Analyse des dynamiques de création des communes nouvelles

Interview de Catherine Donou, chargée de mission au sein de Territoires Conseils – Banque des territoires


Interview de Catherine Donou

Quel bilan tirez-vous de la dynamique de création des communes nouvelles relancées par la loi du 16 mars 2015 ?
Le bilan est positif. Si le mouvement de création des communes nouvelles a commencé timidement entre 2010 et 2015, il a connu un essor très important ces dernières années du fait des améliorations apportées au texte initial par cette loi relative à l'amélioration du régime de la commune nouvelle. Au 1er janvier 2018, on dénombre près de 560 communes nouvelles qui regroupent près de 1 900 communes et 1,9 million d'habitants. Cette dynamique qualifiée de « révolution silencieuse », initiée par les élus locaux et reposant sur la libre volonté des maires et de leurs équipes, témoigne de leur souhait de projeter leurs communes dans l'avenir dans un contexte de contraintes budgétaires et d'agrandissement des périmètres intercommunaux et régionaux notamment. Elle concerne majoritairement des communes rurales mais elle touche également des EPCI dans leur ensemble (30 communautés de communes se sont transformées en commune nouvelles) et des communes plus urbaines dont l'objectif est de renforcer leur position vis-à-vis des autres collectivités.

Quelles sont les motivations et les stratégies des élus locaux qui s'engagent dans cette démarche ?
La motivation première est de repenser et de renforcer l'échelon communal en menant de nouveaux projets à l'échelle de la commune nouvelle, souvent cimentés par un passé commun et des habitudes de travail déjà éprouvées (secrétaires de mairie ou agents techniques partagés, regroupement scolaire, équipements sportifs, habitants qui se retrouvent au sein des mêmes associations, des mêmes commerces…).

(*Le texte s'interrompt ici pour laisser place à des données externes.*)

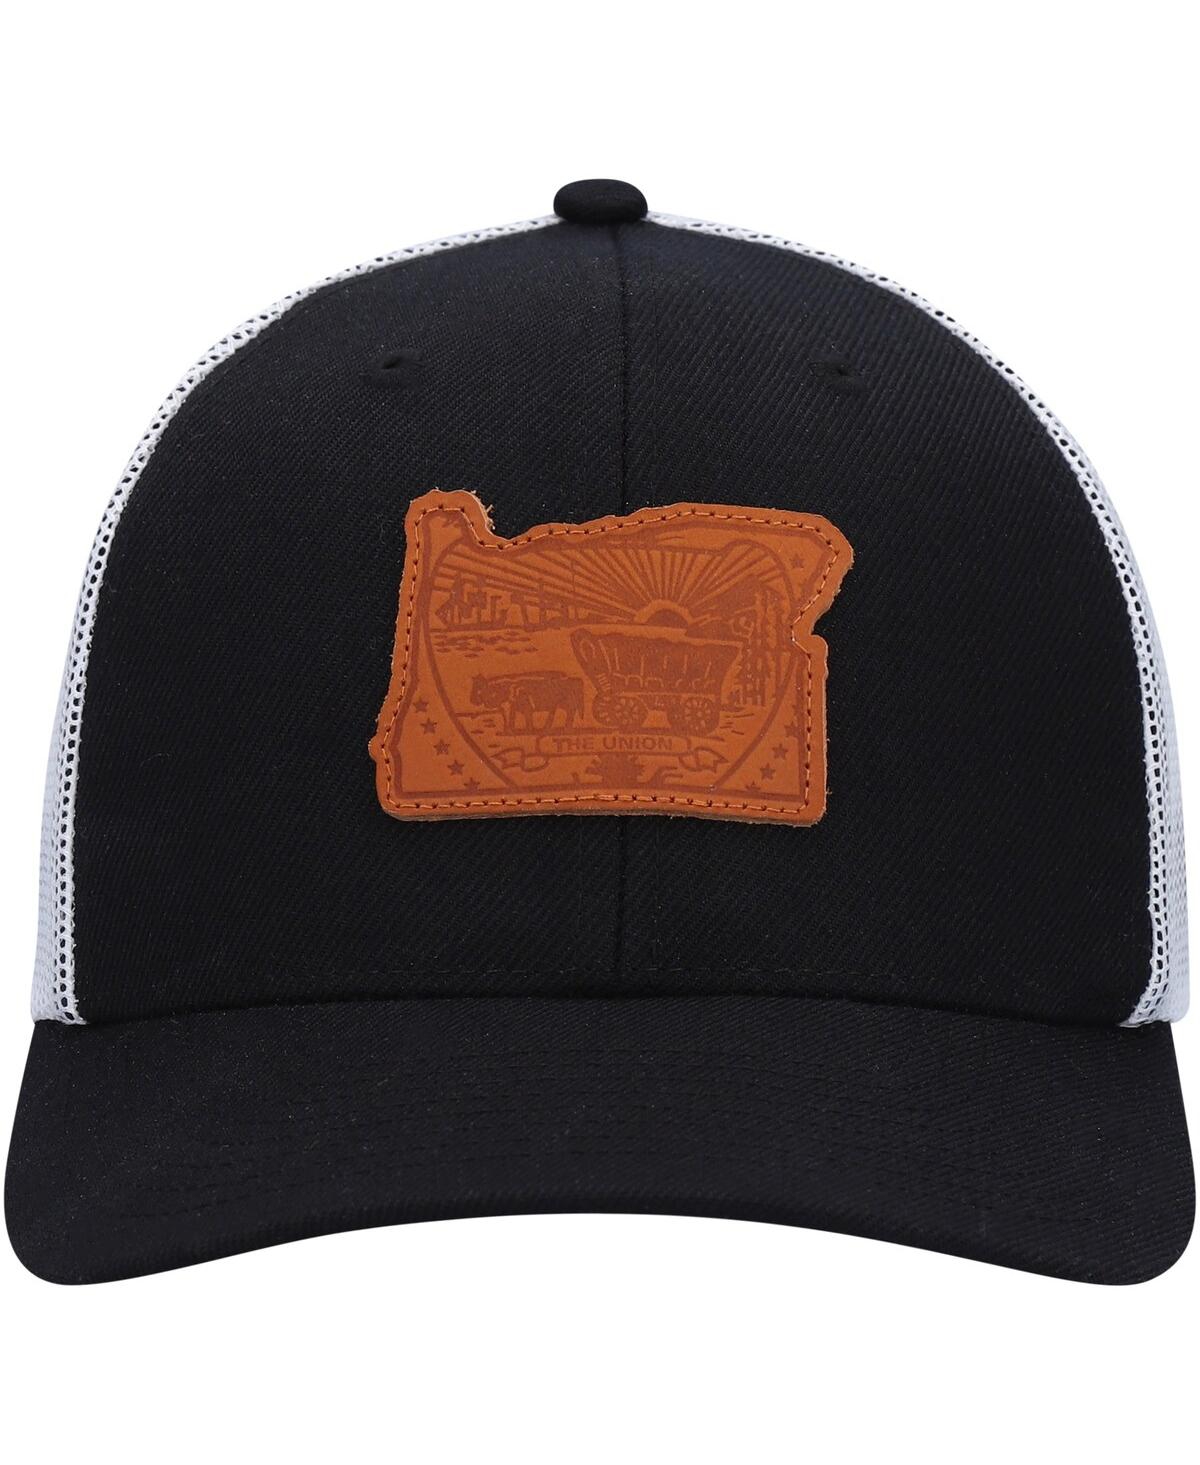 Shop Local Crowns Men's  Black Oregon Leather State Applique Trucker Snapback Hat

Si l'accompagnement financier a souvent joué un rôle moteur dans les réflexions, en période de baisse des dotations rappelons-le, mais aussi parce que la commune nouvelle peut représenter un coût au démarrage, il est à conjuguer à d'autres motivations ou stratégies non exclusives les unes des autres :

  • - Développer un nouvel espace communal dans le respect des communes fondatrices : opter pour une mutualisation totale entre communes pour faire à plusieurs ce qu'on ne peut faire seul, en conservant les liens de proximité et l'identité de chacune des communes.
  • - Territoriale et/ou politique : exister ou « peser » différemment demain au sein d'une communauté au périmètre élargi en parlant d'une seule voix (identité, représentation, présence au bureau…). Depuis quelques mois on observe également que la création d'une commune nouvelle peut aussi être l'occasion de changer d'intercommunalité (cas de communes « à cheval » sur une ou plusieurs communautés)
  • - Financière : augmenter les capacités budgétaires des communes regroupées en optimisant la gestion de la commune nouvelle afin de dégager de nouvelles capacités d'action (pérenniser et/ou étendre-développer des services aux habitants)
  • - Compétences : conserver les acquis d'une communauté très intégrée en cas de fusion d'EPCI (problématique des compétences « orphelines », compétence scolaire notamment).
  • - Crise des vocations : faire face à la problématique du prochain renouvellement des équipes municipales dans beaucoup de communes où la difficulté à constituer des listes s'est déjà présentée lors des élections précédentes (il s'agit parfois d'un élément déclencheur dans la réflexion).

 

Comment envisagez-vous la période post 2020 pour les communes nouvelles ?
Nous travaillons avec l'Association des Maires de France sur les communes nouvelles et nous pensons que la dynamique va se poursuivre dans les années à venir pour les raisons que j'ai évoquées précédemment. Beaucoup d'élus réfléchissent actuellement à la création d'une commune nouvelle et veulent engager une réflexion sur cette question au cours des années à venir, certains en feront d'ailleurs un projet de mandat à part entière.